Task details: Copy, from the data below, each line that has the word "Jacket".
[Opening Task material section]
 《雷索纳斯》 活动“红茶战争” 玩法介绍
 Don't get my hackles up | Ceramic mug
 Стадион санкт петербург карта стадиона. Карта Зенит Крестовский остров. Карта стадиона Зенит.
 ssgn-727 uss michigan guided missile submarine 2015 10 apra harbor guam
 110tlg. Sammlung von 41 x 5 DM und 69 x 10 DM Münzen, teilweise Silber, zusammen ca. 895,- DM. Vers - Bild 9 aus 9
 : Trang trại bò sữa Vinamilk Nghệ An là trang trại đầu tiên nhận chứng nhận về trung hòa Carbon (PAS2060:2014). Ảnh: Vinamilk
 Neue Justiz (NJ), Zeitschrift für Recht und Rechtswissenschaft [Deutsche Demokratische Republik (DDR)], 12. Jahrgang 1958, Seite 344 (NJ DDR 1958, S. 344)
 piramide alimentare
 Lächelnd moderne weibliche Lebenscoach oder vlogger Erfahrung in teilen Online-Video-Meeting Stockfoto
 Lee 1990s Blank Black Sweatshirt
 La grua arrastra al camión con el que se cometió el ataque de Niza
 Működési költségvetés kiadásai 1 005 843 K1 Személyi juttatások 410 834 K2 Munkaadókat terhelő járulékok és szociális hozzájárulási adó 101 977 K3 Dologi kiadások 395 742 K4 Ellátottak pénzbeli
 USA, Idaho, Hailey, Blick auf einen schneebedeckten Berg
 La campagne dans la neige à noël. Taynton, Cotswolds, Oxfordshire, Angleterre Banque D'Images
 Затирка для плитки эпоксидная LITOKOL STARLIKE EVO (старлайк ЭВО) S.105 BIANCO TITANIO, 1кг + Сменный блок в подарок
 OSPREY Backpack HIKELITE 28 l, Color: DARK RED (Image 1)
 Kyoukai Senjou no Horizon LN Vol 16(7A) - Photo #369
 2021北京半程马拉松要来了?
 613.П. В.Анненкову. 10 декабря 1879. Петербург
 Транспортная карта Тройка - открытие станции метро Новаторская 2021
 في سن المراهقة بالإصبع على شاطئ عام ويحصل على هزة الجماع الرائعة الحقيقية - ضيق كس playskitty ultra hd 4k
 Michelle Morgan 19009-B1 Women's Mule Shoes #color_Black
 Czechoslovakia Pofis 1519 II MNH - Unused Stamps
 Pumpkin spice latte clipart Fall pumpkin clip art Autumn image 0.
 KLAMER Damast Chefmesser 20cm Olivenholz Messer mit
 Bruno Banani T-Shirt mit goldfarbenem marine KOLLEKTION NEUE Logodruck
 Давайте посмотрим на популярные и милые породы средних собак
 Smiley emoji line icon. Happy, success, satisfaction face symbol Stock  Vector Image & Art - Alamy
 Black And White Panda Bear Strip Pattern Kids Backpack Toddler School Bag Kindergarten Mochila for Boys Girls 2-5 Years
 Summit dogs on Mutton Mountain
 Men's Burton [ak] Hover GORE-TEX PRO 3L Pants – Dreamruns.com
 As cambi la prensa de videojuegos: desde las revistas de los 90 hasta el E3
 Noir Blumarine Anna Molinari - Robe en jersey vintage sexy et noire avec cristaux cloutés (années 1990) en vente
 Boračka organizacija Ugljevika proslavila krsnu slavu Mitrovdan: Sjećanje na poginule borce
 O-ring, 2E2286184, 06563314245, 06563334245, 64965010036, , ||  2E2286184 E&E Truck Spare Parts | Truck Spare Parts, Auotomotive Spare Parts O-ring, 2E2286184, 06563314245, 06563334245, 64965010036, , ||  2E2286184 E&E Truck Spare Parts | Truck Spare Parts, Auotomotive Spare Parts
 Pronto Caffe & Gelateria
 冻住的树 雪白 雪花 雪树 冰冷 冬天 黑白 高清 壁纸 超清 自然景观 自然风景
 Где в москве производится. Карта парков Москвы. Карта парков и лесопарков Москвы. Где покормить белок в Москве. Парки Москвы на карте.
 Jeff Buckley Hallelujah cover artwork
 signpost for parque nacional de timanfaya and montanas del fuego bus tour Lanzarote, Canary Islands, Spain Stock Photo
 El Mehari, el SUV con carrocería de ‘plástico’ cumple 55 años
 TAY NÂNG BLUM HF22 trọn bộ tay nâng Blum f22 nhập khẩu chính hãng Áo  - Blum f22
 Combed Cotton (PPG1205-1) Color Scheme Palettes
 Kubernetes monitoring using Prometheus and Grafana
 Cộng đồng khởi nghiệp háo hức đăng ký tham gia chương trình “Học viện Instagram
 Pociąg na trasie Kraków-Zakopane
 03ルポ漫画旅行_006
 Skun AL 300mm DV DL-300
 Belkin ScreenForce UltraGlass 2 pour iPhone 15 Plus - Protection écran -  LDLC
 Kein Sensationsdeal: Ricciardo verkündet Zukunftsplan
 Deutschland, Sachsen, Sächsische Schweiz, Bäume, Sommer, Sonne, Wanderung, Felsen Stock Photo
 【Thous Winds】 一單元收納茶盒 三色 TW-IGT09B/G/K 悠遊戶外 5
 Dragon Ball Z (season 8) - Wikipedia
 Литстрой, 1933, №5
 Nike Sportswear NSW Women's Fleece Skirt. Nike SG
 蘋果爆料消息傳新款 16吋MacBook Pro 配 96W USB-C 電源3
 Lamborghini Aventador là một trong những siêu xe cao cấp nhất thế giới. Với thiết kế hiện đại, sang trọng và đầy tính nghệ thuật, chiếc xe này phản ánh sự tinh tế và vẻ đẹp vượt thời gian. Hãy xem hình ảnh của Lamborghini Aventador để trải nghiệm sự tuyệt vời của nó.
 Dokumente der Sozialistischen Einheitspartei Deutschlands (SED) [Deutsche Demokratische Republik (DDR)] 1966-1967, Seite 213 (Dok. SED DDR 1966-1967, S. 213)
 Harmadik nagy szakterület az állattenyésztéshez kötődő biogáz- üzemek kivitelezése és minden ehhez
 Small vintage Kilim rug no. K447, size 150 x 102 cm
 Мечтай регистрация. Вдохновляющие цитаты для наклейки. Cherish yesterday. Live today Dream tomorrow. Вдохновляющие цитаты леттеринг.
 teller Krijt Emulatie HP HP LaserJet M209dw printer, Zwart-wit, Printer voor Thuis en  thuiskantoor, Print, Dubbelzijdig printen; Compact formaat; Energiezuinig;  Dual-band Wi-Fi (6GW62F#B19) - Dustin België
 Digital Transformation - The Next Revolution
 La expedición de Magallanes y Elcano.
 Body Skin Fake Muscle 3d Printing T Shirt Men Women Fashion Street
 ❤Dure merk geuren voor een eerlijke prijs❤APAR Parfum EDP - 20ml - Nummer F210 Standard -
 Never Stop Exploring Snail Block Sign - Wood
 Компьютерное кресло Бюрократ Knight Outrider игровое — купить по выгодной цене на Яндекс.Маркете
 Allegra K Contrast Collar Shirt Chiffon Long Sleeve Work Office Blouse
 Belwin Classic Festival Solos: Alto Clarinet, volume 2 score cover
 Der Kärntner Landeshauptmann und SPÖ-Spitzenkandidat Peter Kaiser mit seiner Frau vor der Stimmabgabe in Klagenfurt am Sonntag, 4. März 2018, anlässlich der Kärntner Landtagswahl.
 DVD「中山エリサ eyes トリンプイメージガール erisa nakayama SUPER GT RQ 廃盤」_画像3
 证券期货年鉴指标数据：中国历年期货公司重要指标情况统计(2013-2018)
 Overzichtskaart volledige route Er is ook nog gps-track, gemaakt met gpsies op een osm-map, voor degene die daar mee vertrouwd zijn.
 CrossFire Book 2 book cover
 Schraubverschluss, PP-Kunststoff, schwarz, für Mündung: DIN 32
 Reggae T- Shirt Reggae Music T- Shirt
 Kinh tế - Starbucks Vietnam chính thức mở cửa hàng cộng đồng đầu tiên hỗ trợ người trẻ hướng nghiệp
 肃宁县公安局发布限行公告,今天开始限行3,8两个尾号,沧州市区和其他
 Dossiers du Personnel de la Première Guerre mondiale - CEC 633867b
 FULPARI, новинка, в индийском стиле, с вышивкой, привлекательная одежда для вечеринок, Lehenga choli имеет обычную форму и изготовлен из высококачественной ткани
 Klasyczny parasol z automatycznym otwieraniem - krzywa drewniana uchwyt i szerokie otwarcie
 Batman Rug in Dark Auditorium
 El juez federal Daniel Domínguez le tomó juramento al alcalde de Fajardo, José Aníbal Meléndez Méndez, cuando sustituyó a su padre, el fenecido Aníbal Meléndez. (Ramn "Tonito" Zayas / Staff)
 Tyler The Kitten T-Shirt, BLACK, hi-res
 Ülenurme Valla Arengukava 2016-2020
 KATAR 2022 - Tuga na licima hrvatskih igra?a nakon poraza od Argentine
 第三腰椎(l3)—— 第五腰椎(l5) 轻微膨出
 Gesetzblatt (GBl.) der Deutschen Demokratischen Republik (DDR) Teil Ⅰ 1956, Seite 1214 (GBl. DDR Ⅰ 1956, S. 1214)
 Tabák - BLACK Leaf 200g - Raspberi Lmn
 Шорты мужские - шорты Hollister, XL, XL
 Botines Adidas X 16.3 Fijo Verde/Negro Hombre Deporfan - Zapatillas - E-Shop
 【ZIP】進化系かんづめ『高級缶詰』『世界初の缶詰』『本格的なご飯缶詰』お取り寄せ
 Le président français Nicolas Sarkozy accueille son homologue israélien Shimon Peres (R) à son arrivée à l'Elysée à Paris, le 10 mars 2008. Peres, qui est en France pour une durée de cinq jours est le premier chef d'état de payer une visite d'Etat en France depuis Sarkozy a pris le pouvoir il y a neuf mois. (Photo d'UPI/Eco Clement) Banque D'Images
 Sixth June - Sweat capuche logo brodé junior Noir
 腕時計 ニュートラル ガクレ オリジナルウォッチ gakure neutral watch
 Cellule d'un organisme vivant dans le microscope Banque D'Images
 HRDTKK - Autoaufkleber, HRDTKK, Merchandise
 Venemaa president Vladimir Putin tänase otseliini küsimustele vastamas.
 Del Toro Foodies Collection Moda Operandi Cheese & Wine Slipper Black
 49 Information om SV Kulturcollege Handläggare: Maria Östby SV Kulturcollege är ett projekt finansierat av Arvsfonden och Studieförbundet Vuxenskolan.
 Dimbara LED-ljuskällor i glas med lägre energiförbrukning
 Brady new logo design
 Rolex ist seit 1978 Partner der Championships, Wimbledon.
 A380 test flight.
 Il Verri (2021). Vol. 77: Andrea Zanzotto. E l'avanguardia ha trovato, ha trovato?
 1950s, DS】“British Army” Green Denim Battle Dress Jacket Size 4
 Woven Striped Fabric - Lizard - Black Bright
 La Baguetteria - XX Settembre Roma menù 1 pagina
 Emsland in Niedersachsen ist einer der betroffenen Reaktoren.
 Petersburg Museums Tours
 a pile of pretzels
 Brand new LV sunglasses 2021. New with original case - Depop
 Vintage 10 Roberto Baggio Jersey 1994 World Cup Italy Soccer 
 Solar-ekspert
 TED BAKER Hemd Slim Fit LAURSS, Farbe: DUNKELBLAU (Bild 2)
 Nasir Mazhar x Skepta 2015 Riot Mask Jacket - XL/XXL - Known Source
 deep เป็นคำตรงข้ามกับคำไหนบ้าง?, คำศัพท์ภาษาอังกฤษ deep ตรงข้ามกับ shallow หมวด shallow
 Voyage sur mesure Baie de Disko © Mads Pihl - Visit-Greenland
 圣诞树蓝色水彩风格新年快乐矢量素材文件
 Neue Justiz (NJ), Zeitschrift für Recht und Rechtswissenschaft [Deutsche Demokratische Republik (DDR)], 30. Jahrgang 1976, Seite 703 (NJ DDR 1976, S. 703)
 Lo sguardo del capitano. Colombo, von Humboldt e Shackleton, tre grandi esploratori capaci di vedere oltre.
[Closing Task material section]
Exercise result:
 1950s, DS】“British Army” Green Denim Battle Dress Jacket Size 4
 Nasir Mazhar x Skepta 2015 Riot Mask Jacket - XL/XXL - Known Source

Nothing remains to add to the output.